EfficientDet is a one-stage detector with the following architecture components:

  • ImageNet-pretrained EfficientNet backbone
  • Weighted bi-directional feature pyramid network (BiFPN)
  • Bounding and classification box head
  • A compound scaling method that uniformly scales the resolution, depth, and width for all backbone, feature network, and box/class prediction networks at the same time

Default Configuration

The default configuration of this model can be found at train.py. The default hyper-parameters are as follows:

  • General:

    • Base Global Learning Rate set to 0.01
    • Epochs set to 300
    • Local train batch size - 32
    • Local test batch size - 32
  • Backbone:

    • Backend network set to EfficientNet-B0

This repository implements multi-gpu to support larger batches and mixed precision support. This implementation also includes the following optimizations.

  • Custom CUDA kernels for Focal Loss and NMS.

  • Custom optimized implementation of EMA.

    The source files can be found under effdet/csrc.

Feature support matrix

The model supports the following features.

Feature EfficientDet
PyTorch native AMP Yes
PyTorch native DDP Yes
Custom Fused CUDA kernels Yes

Features

PyTorch native AMP is part of PyTorch, which provides convenience methods for mixed precision.

DDP stands for DistributedDataParallel and is used for multi-GPU training.

Mixed precision training

Mixed precision is the combined use of different numerical precisions in a computational method. Mixed precision training offers significant computational speedup by performing operations in half-precision format while storing minimal information in single-precision to retain as much information as possible in critical parts of the network. Since the introduction of tensor cores in NVIDIA Volta, and following with both the NVIDIA Turing and NVIDIA Ampere Architectures, significant training speedups are observed by switching to mixed precision—up to 3x overall speedup on the most arithmetically intense model architectures. Using mixed precision training requires two steps:

  1. Porting the model to use the FP16 data type where appropriate.
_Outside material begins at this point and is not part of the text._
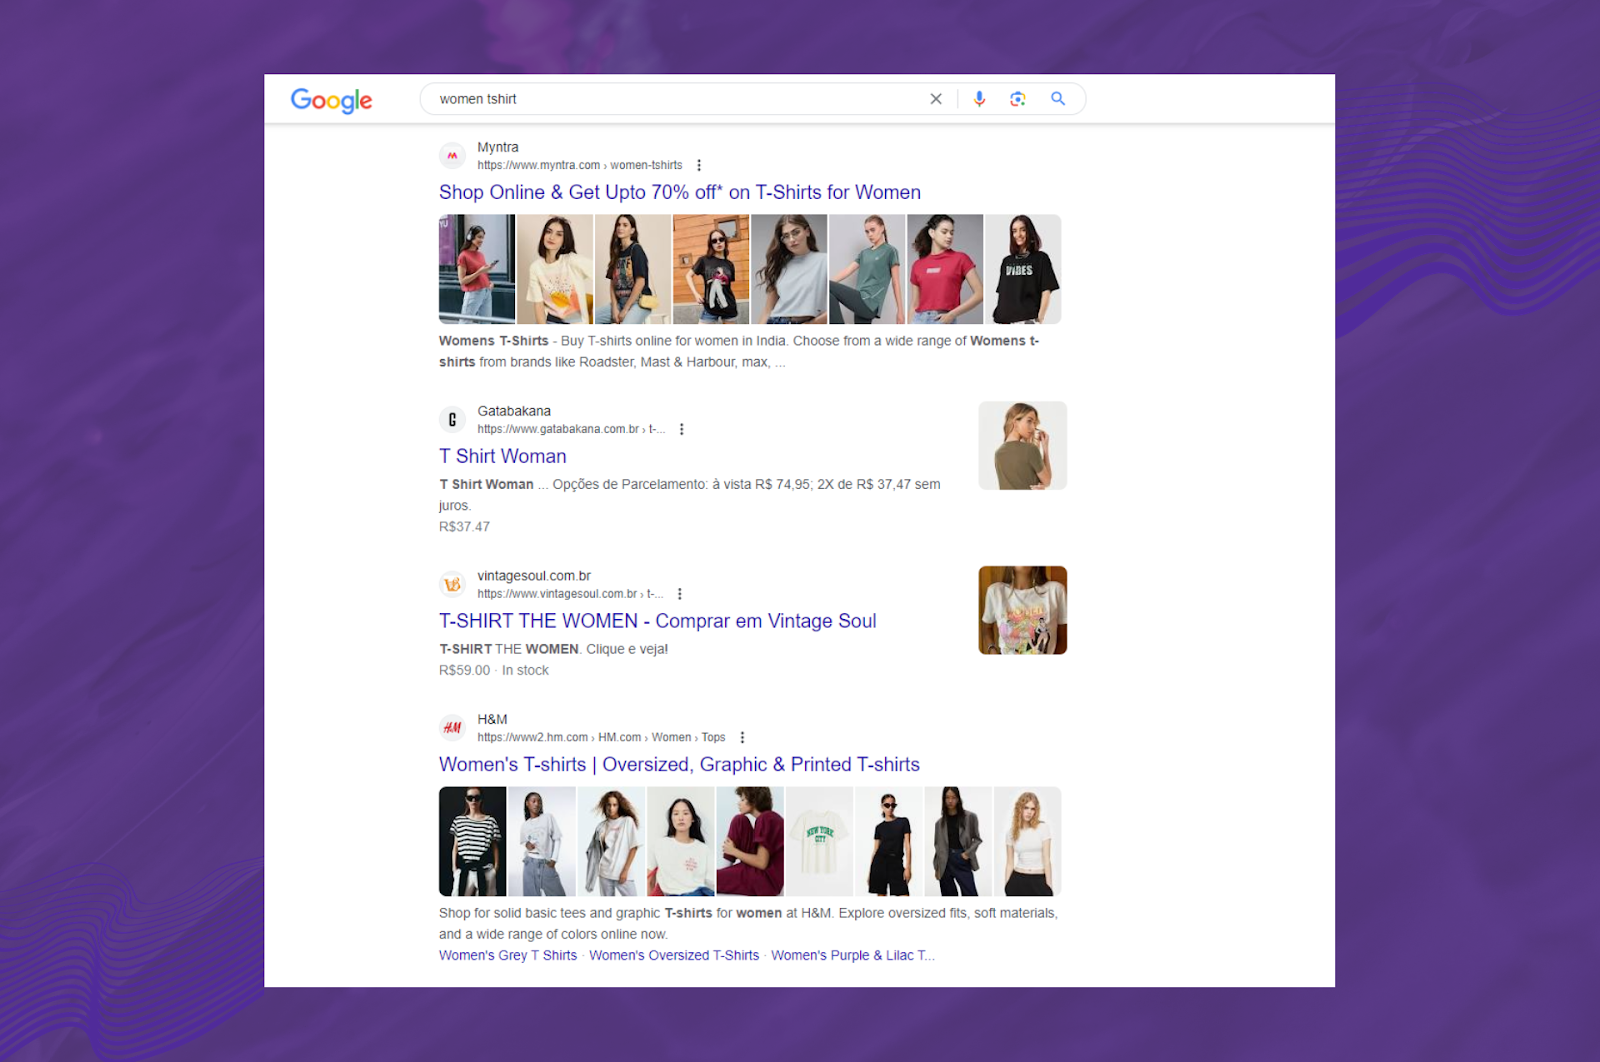 Google search results for women's t-shirts, demonstrating effective SEO practices for apparel eCommerce

  2. Adding loss scaling to preserve small gradient values.

For information about:

NVIDIA Apex tools for mixed precision training, refer to the NVIDIA Apex: Tools for Easy Mixed-Precision Training in PyTorch.

Enabling mixed precision

In this repository, mixed precision training is enabled by the PyTorch native AMP library. PyTorch has an automatic mixed precision module that allows mixed precision to be enabled with minimal code changes.

Automatic mixed precision can be enabled with the following code changes:

  # Create gradient scaler
  scaler = torch.cuda.amp.GradScaler(enabled=args.amp)
 
  # Wrap the forward pass and loss in torch.cuda.amp.autocast
  with torch.cuda.amp.autocast(enabled=args.amp):
    output = model(input, target)
    loss = output['loss']

Where args.amp is the flag to turn on or off AMP. Shell scripts all have a positional argument --amp available to enable mixed precision training.

Enabling TF32

TensorFloat-32 (TF32) is the new math mode in NVIDIA A100 GPUs for handling the matrix math, also called tensor operations. TF32 running on Tensor Cores in A100 GPUs can provide up to 10x speedups compared to single-precision floating-point math (FP32) on NVIDIA Volta GPUs.

TF32 Tensor Cores can speed up networks using FP32, typically with no loss of accuracy. It is more robust than FP16 for models that require a high dynamic range for weights or activations.

For more information, refer to the TensorFloat-32 in the A100 GPU Accelerates AI Training, HPC up to 20x blog post.

TF32 is supported in the NVIDIA Ampere GPU architecture and is enabled by default.